With the short length of stay in hospitals increasingly the norm it means that 362 days of the year patients are somewhere else and not in hospital. We are at home, with our families and friends and yet for the three days we are in hospital our families and friends become visitors in our lives. This simply doesn’t make sense.

The Institute want so change visiting hours in 1000 hospitals across the US and Canada in the next three years and to this end they have developed a toolkit for use. There are five main areas of the toolkit: strategies for changing policies; strategic for educating staff; guides for families and staff; videos; and also media resources.

These resources are available to download at no cost. These are materials to be used and adapted. They are in pdf and can be printed, and logos can be added. This will help people to get started and incorporate the experience of other services that have already started this work and you benefit from the wisdom other others.

In closing they added a few other messages:
  • Patient gets to define who their family is, not the hospital. Hospitals in the past have prohibited visitors and made decision out family. This is important.
  • These are tools to make it a little easier but it is not going to be easy.
  • Do we “allow” families or does your website talk about differentiating visitors from family. Family are partners in care and there is benefit in having them there. Visitors, like neighbours and work colleagues may be visitors and
  • Family presence and not “visitation”
  • Participation not “permission”

“Families are respected as part of the care team – never visitors – in every area of the hospital” Lucian Leape 2009
Question: how can you meet the needs of specific populations? Caucasian members of the Family Advisory Committee are comfortable with restrictions on visitation policy yet Latino members want policy relaxed to allow for more than two people visiting at the time.
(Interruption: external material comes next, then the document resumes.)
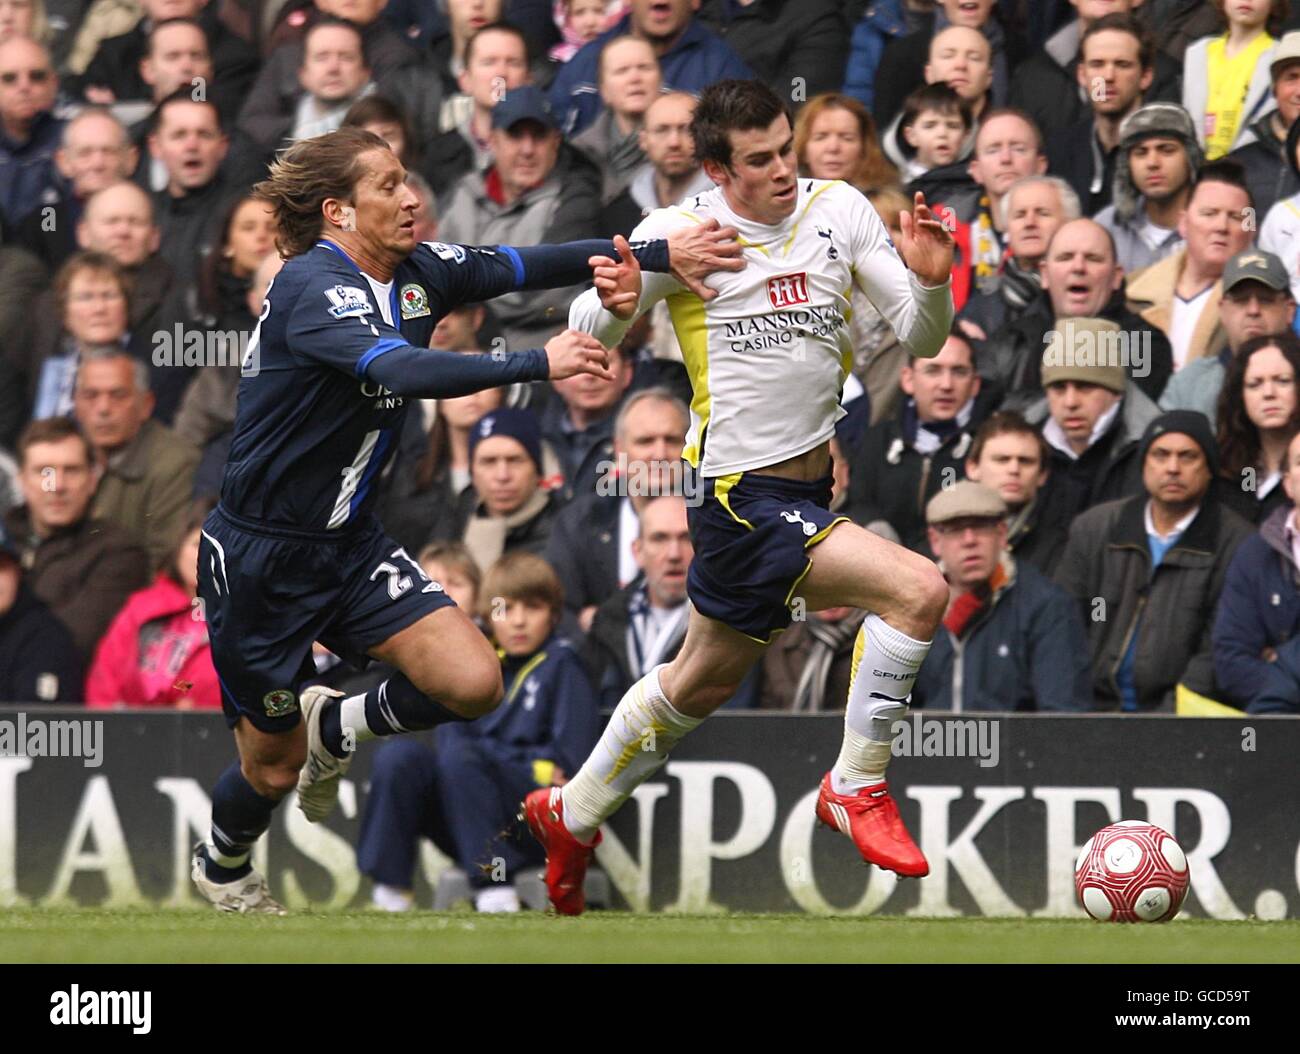 Soccer - Barclays Premier League - Tottenham Hotspur v Blackburn Rovers - White Hart Lane. Tottenham Hotspur's Gareth Bale (right) and Blackburn Rovers' Michel Salgado (left) battle for the ball Stock Photo

How do you deal with this? Work with the Family Advisory Council to work through this issue to develop a policy that

Question: How long does it take? It takes about a year to make it happen and establish the process to make sure that everyone is heard. Identifying the goal, identify the issues and concerns and plan for the next step. There are 12 profiles on the IPFCC website that talks about the processes these organisations undertook to revise their policies.
Vanderbilt trauma unit, lots of gang activity workplace violence committee help in training the nurses in how to deal with this. If family is being disruptive and they cannot be I the therapeutic environment and lend themselves to the healing environment then they cannot be here and will be asked to leave.